METHOD FOR IMPROVING ROAD TOPOLOGY THROUGH SEQUENCE ESTIMATION AND ANCHOR POINT DETETECTION
A system and a method of generating a map for navigating a vehicle. The system includes a remote processor. The remote processor is configured to determine an anchor point for a location of a road segment based on data from at least one data source, place the anchor point within an aerial image of the road segment, predict a boundary marking of the road segment on the aerial image based on the anchor point, and provide the boundary marking to the vehicle. A vehicle processor navigates the vehicle along the road segment using the boundary marking.
The subject disclosure relates to navigation of autonomous vehicles and, in particular, to a system and method for determining a lane boundary within a road segment for vehicle navigation based on data from one or more data sources.

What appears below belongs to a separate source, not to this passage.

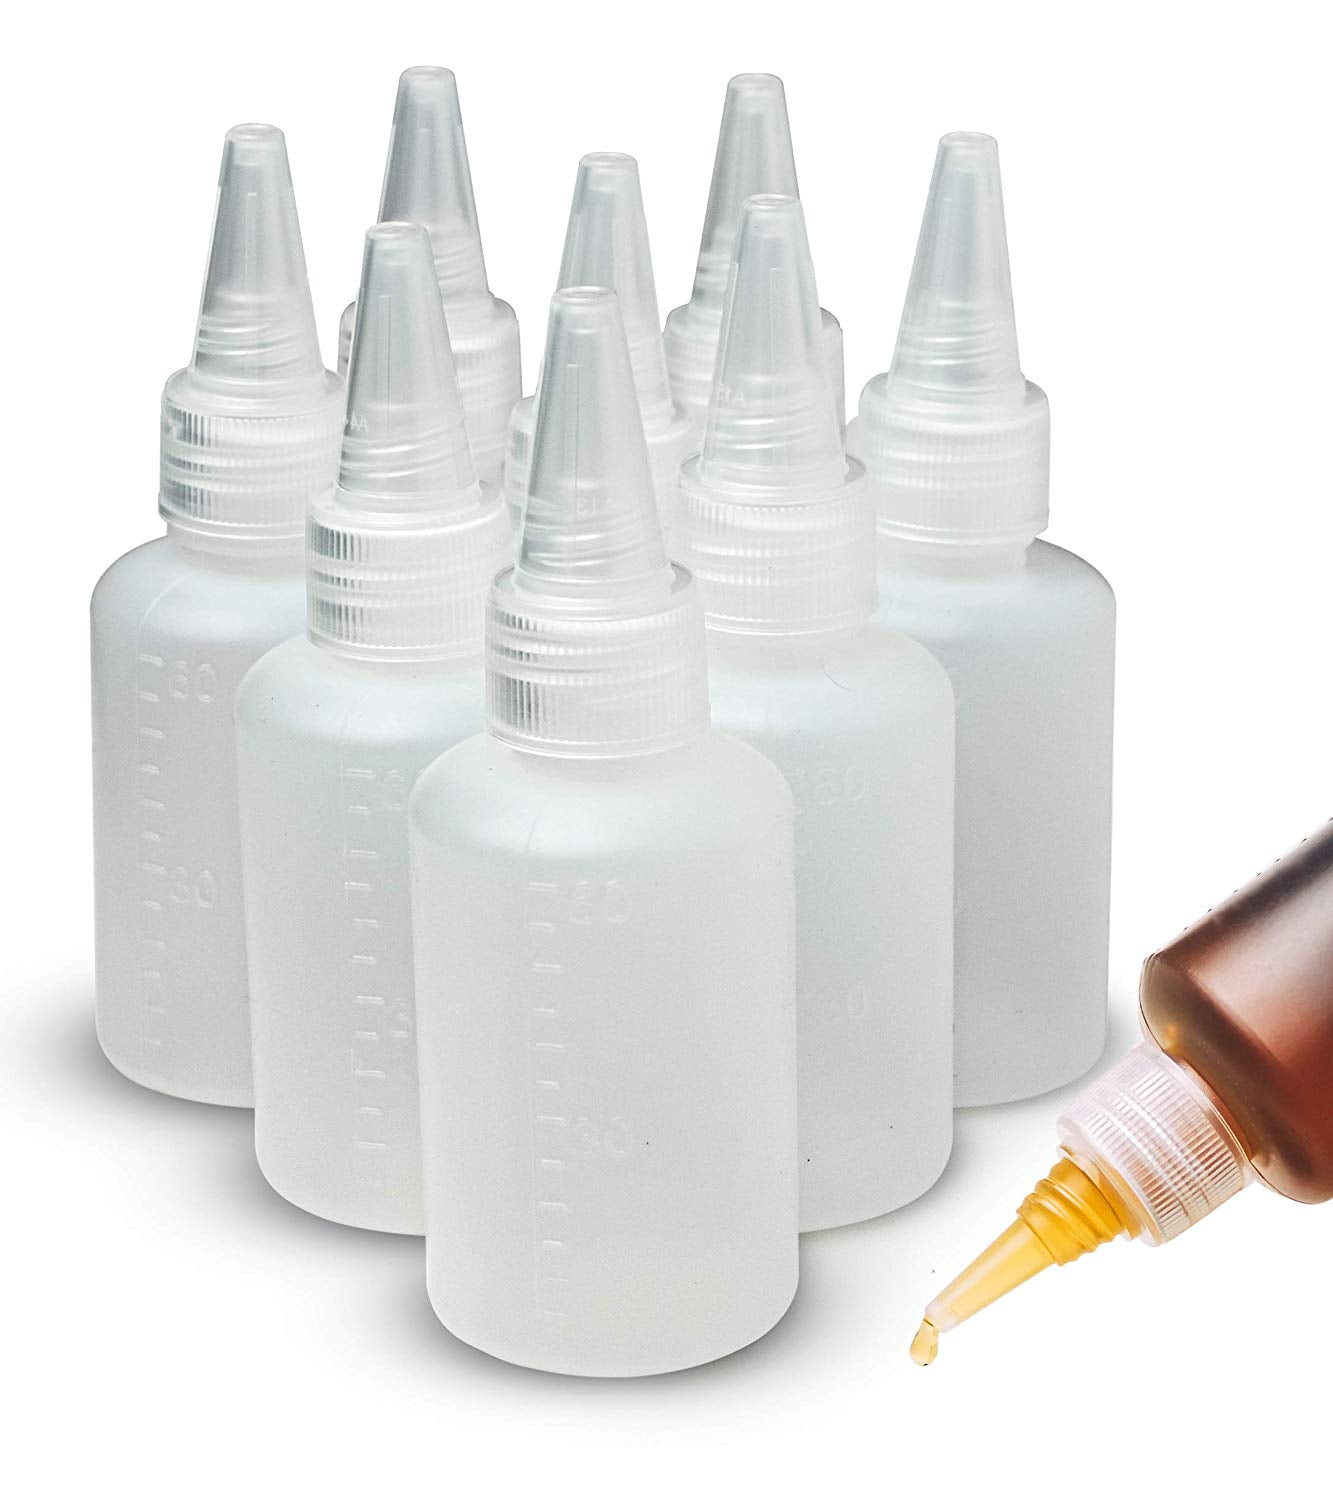 Bastex 13 Pack 4 Ounce Plastic Squeeze Bottles with Caps and Measurements. Small Mini Squeeze Bottle for Arts and Crafts, Paint, Icing, Liquids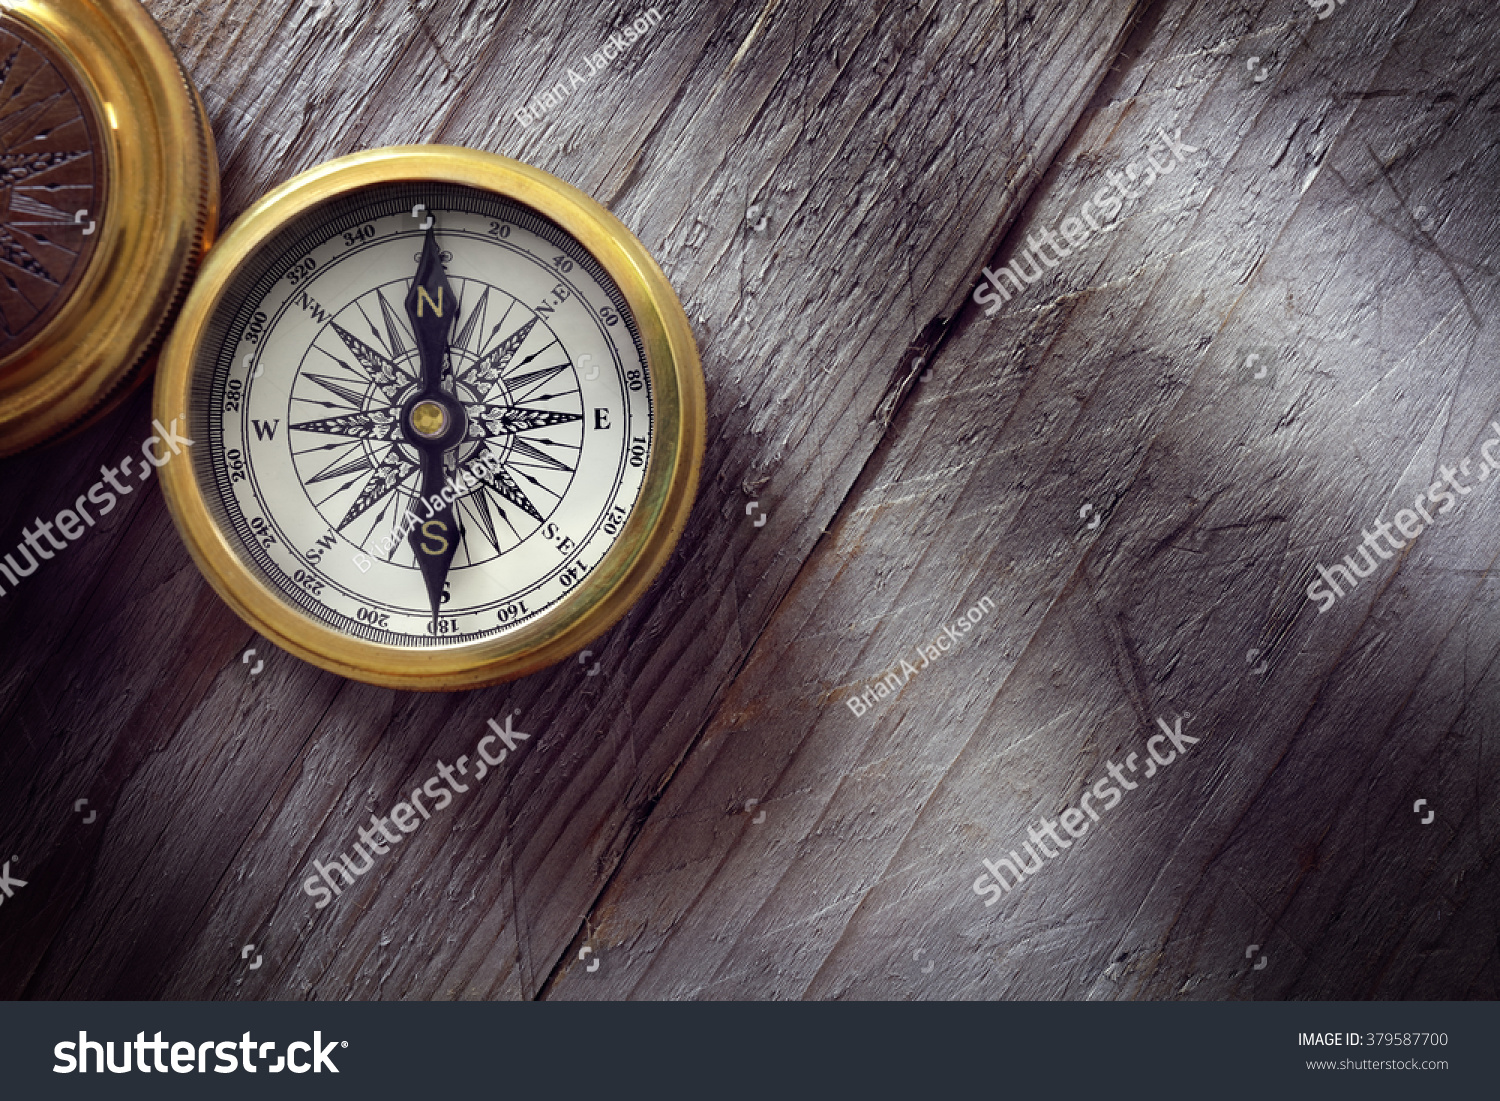 Antique golden compass on wood background concept for direction, travel, guidance or assistance #379587700

Autonomous vehicles often navigate using data from map services which identify the location of the center of the road, lane markings, etc. Ideally, data from these map services are points that indicate at least the location of the center of the road. In practice, however, these points can deviate significantly from the actual center of the road, leading to poor map construction and poor vehicle navigation. Accordingly, it is desirable to specify the location of the center marking and other road boundaries with greater accuracy to improve the road topology in existing navigation maps.
SUMMARYIn one exemplary embodiment, a method of generating a map is disclosed. An anchor point is determined for a location of a road segment based on data from at least one data source. The anchor point is placed within an aerial image of the road segment. A boundary marking of the road segment is predicted on the aerial image based on the anchor point to form the map. The map is provided to a vehicle.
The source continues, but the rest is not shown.